Символизм как миропонимание (сборник) - Андрей Белый
Шрифт:
Интервал:
Закладка:
В России не выпрямлялась личность, не отливалась в формы, но одна форма равно придавила всех: не многообразие форм — единообразие задавило нас. Нас задавила — одна ледяная равнина. У нас — один общий враг. И тайны многих — одно: одинаково в тайне перекликаемся мы друг с другом. Ледяная равнина — не жизнь — смерть; не бодрствование — кошмар. Искони нас замучил кошмар Черта: и в тайне своей народ — против одного — против Черта. Вот почему между нами, если мы — народ, одна связь, одна религия[92]. На Западе каждый — против всех; у нас — все против одного; и потому-то индивидуализм в России всегда разлагает религию. Так крепла в нас, так отобразилась в литературе религия народа. Мы можем казаться себе не религиозными, но это только в сознании; в бессознательной, в жизненной стихии своей мы религиозны, если народны; и народны, если религиозны. Религия есть универсальная связь; она не в форме, но в духе.

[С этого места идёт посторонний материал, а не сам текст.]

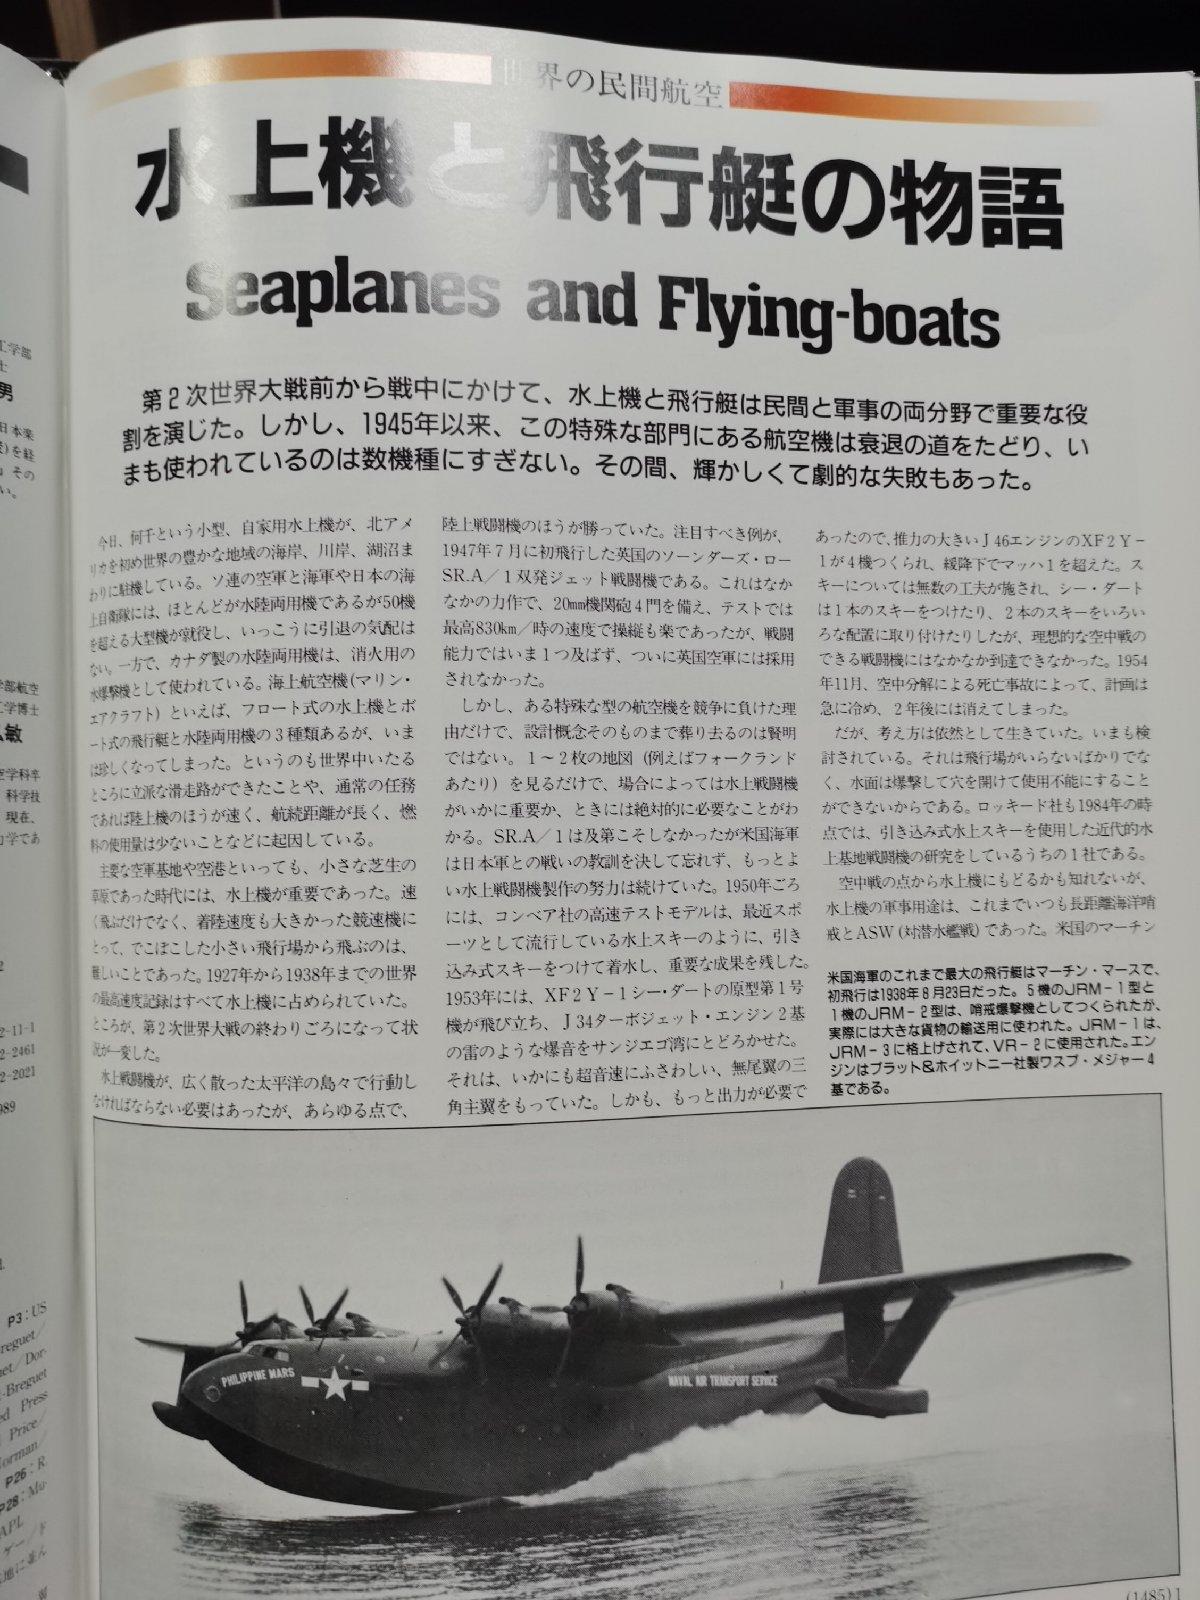 Sportavia Avion Planeur Rf-5 · The Encyclopedia of Aircraft David

Вот почему интеллигентский индивидуализм влекся к западному универсализму. Западниками у нас были искони индивидуалисты. Наоборот, искони индивидуалисты Запада преклонялись пред нашей литературой, глубоко народной; религия их звучала в глубине личности; религия наша — в общей связи, в общих лозунгах. Но общий лозунг и лозунг индивидуальный сочетаемы в религию, ибо религия — есть религия единого. Вот почему лозунги русской литературы, универсальные для нас, звучали индивидуально для Запада. Вот почему Ницше видел в Достоевском не выражение стремлений целого народа, а только индивидуальный призыв; Достоевский, этот универсалист, казался Ницше великим индивидуалистом, как великий индивидуалист Ницше для целой группы русских символистов явился в свое время переходом к христианству. Без Ницше не возникла бы у нас проповедь неохристианства. Индивидуальное Запада легче усваивается стихией нашего народа, потому что религия жизни — на Западе с индивидуалистами, как у нас она с народом. И наоборот: все универсальное Запада усваивается русскими индивидуалистами в большей мере, нежели индивидуальное.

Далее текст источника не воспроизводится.